[Data records Boundary: Start]

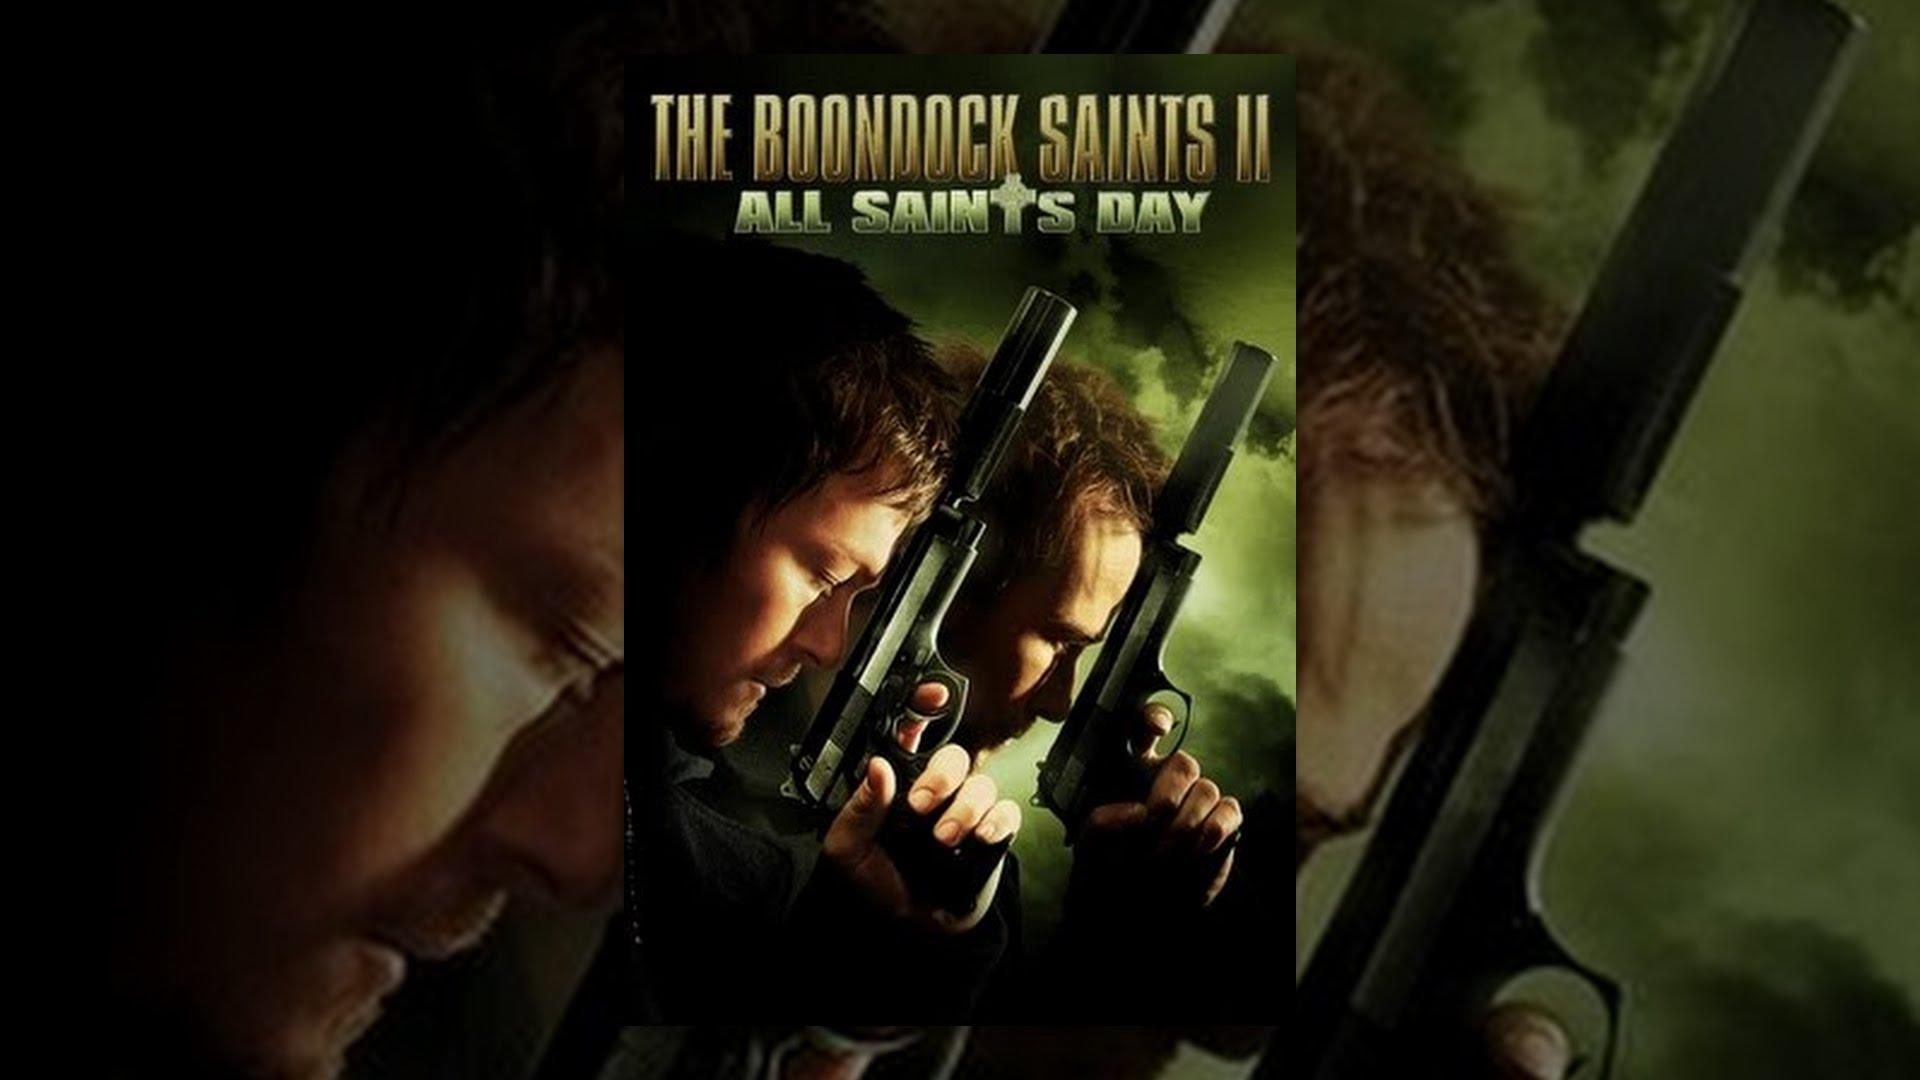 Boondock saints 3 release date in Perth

[Data records Boundary: End]
[Data records Boundary: Start]

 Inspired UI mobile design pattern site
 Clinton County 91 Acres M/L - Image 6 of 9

[Data records Boundary: End]
[Data records Boundary: Start]

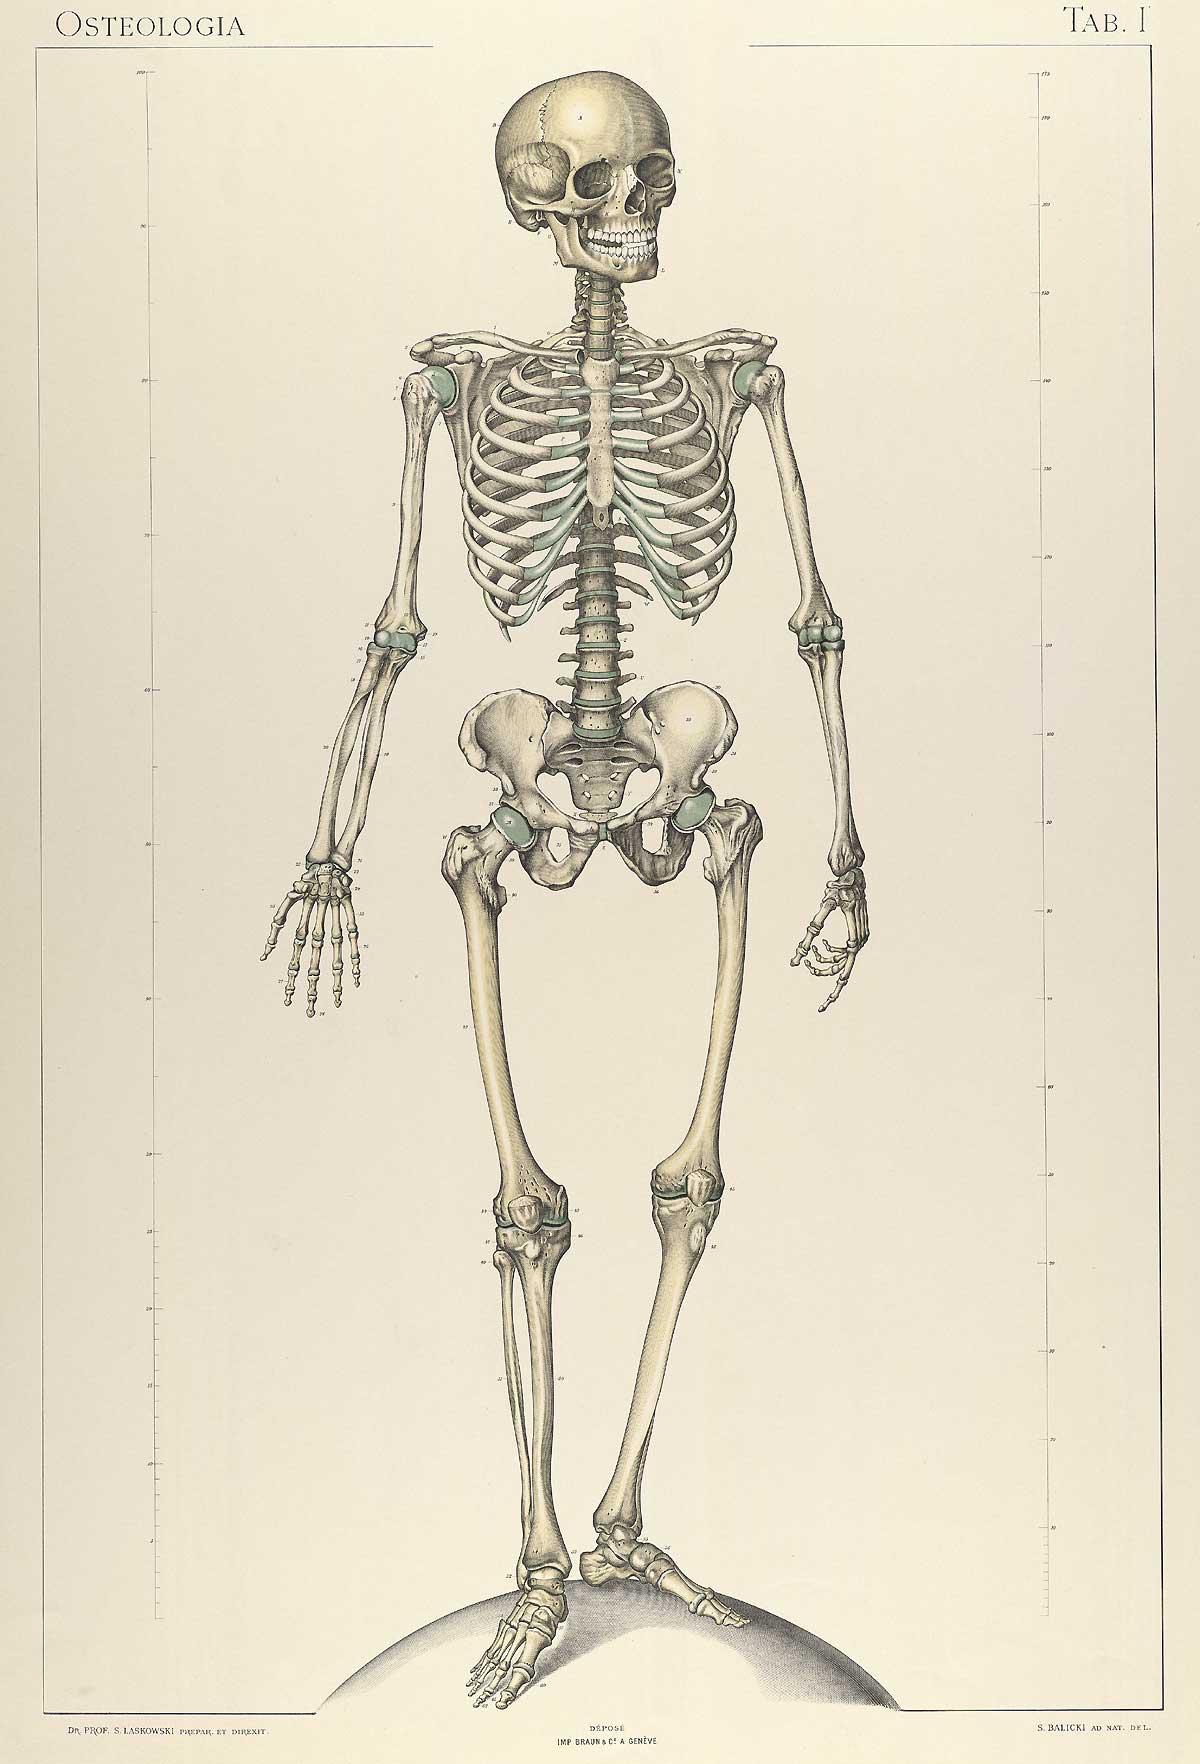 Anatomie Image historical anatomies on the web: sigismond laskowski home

[Data records Boundary: End]

Description of the task:
Reproduce only the lines above, starting at the line with "Inspired UI mobile design pattern site" and ending at the line with "Clinton County 91 Acres M/L - Image 6 of 9", exactly as written.

Solution for this exercise:
 Inspired UI mobile design pattern site
 Clinton County 91 Acres M/L - Image 6 of 9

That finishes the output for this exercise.